Here’s the Problem With Tesla Stock

  • Tesla (TSLA) stock dropped by more than two Twitters (TWTR) in a day.
  • Some investors understandably question paying 18 times revenue for a luxury nameplate.
  • For now, the mid-market belongs to Tesla’s rivals.
Source: Kathy Hutchins / Shutterstock.com

Tesla (NASDAQ:TSLA) stock dropped the equivalent of two Twitters (NASDAQ:TWTR) the day after the social media company agreed to Elon Musk’s $44 billion leveraged buyout offer, which reportedly includes a $12.5 billion personal loan secured by his equity stake in the electric car company.

TSLA stock fell more than 12% in Tuesday’s session. And while it has recouped a little of the loss, shares are still trading 11.7% below where they were when the deal was announced. The sell-off demonstrates how vital Musk is to Tesla. It also shows how vulnerable the EV maker has become.

Even at its lower valuation of about $911 billion, Tesla is still worth more than the other top automakers combined. Toyota (NYSE:TM) is worth $237 billion. Volkswagen (OTCMKTS:VWAGY) has a market cap of about $109 billion. Ford Motor (NYSE:F) and General Motors (NYSE:GM) together are worth $116 billion.

Tesla bestrides the car world like a colossus. But should it?

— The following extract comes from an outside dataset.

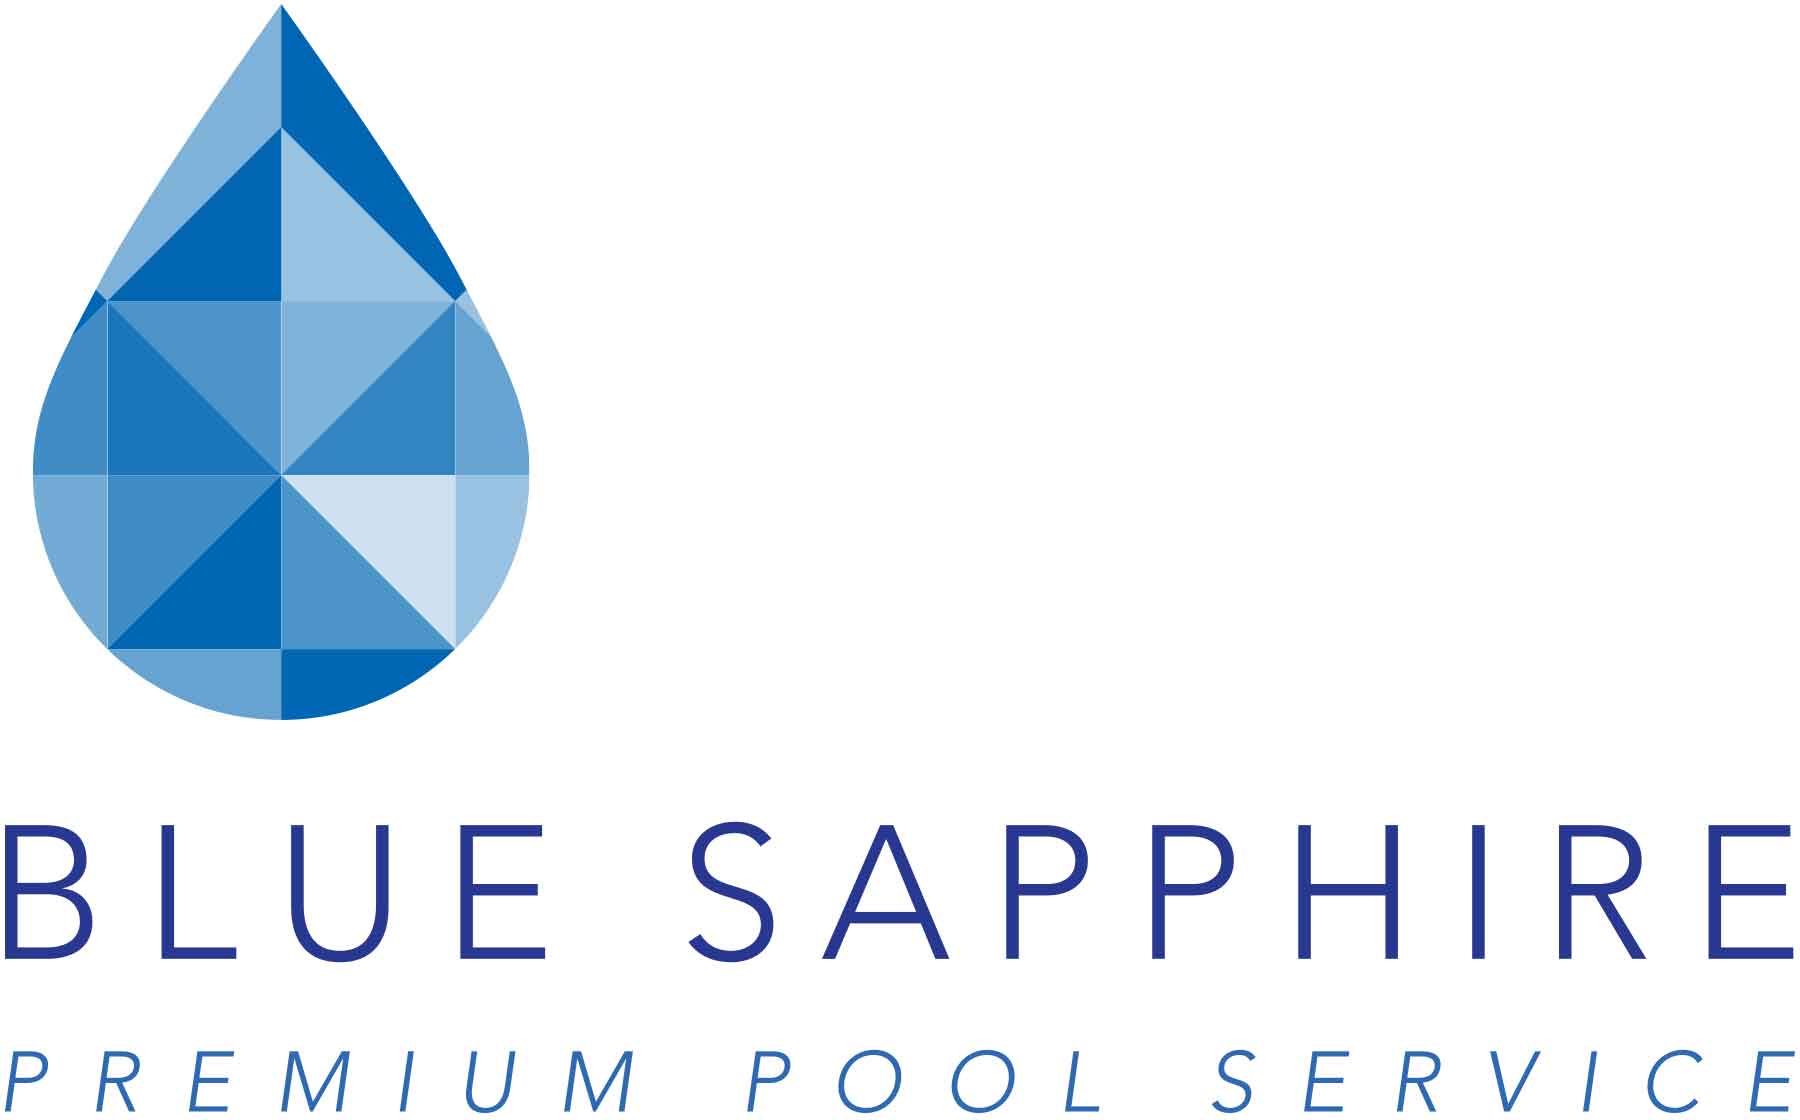 Clearwater Pools premium service logo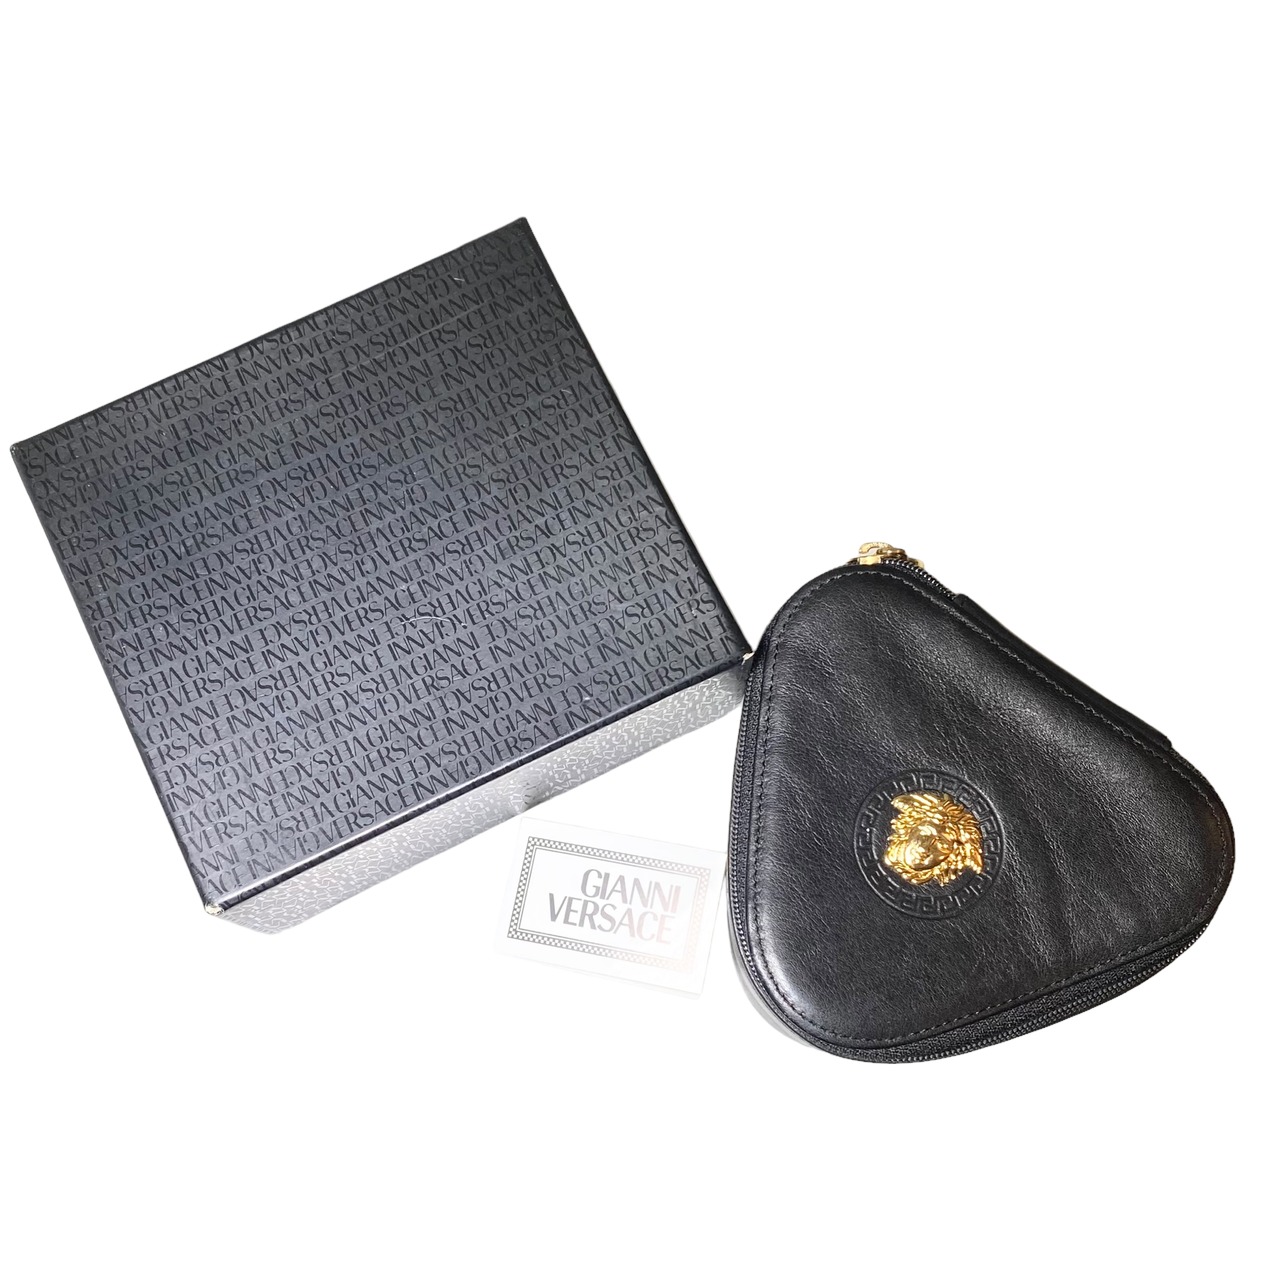 vintage GIANNI VERSACE leather jewelry case

Tesla Dominates but U.S. EV Market Remains Small

Tesla’s market share is a source of constant speculation. It was estimated to have 14% of the global market for electric vehicles in 2021. Volkswagen came in second with 11%. Electrics, meanwhile, represented 8.6% of  global car sales last year, according to the International Energy Agency, up from 4.1% in 2020.

In the United States, Tesla is the clear market leader, commanding about 75% of the market. But the U.S. market is unique. It’s dominated by large, luxury vehicles, and electrics represented less than 5% of total vehicle sales in the fourth quarter of 2021.

The bull case for Tesla is that it can retain market share as the market grows. The bull case also insists that each Tesla is worth far more than its sticker price. Tesla offers charging stations, service and collision centers, and insurance. It has complete control over its supply chain, making all its key parts.

Its disruption of dealers, repair shops, insurers and gas stations are why investors will pay more than 18 times sales for TSLA stock.

The Risks to TSLA Stock

As I wrote last month, Tesla has an affordability problem.

In China, where 13% of new cars are now electrically powered, Tesla’s market share is declining. China’s middle-class can’t afford Teslas. Its cheapest car now costs nearly $47,000. Its top-of-the-line model sells for close to $140,000. People in China are buying smaller, low-powered vehicles priced for much less.

The average American driver spends 17,600 minutes behind the wheel each year. That’s according to a survey from the American Automobile Association Foundation for Traffic Safety. That may sound like a lot, but it averages out to less than an hour a day.

City dwellers, and that’s 83% of Americans, spend even less time in their cars. I don’t want to spend $46,000 (the average price of a new car today) for something that sits in the driveway more than 95% of the time.

The mid-market threat to Tesla is showing up in Europe, as well, where Stellantis (NYSE:STLA), which owns Fiat and Chrysler, offers the Fiat 500e.  With 29% of new vehicle sales there now plug-ins, Volkswagen has nearly a quarter of the market.

So, while Tesla still leads globally, the field is crowded and the mid-market is dominated by others.

The Bottom Line on TSLA Stock

This brings us back to the question of Tesla’s valuation. It’s not just whether Tesla should be worth 18 times sales. It’s whether it will continue to be valued that way as the market scales and middle-class urbanites enter it.

Ark Invest CEO Cathie Wood believes TSLA stock can gain 350% by 2026 by selling robotic taxis, becoming a transportation-as-a-service company.

Musk says he would love to build a lower-priced car, but inflation and demand are in the way. What’s in the way is Tesla’s design. Batteries cost money. The bigger the car, the longer the range, and the bigger and more expensive the battery must be. For electrics to dominate the U.S. market, either batteries must get cheaper or electrics must get smaller, as they’re doing in Europe and China.

In this next stage of the electric revolution, Tesla will face competition for the first time. It may win, but to do so, either it must change or the technology must.

On the date of publication, Dana Blankenhorn held no positions in companies mentioned in this story. The opinions expressed in this article are those of the writer, subject to the InvestorPlace.com Publishing Guidelines.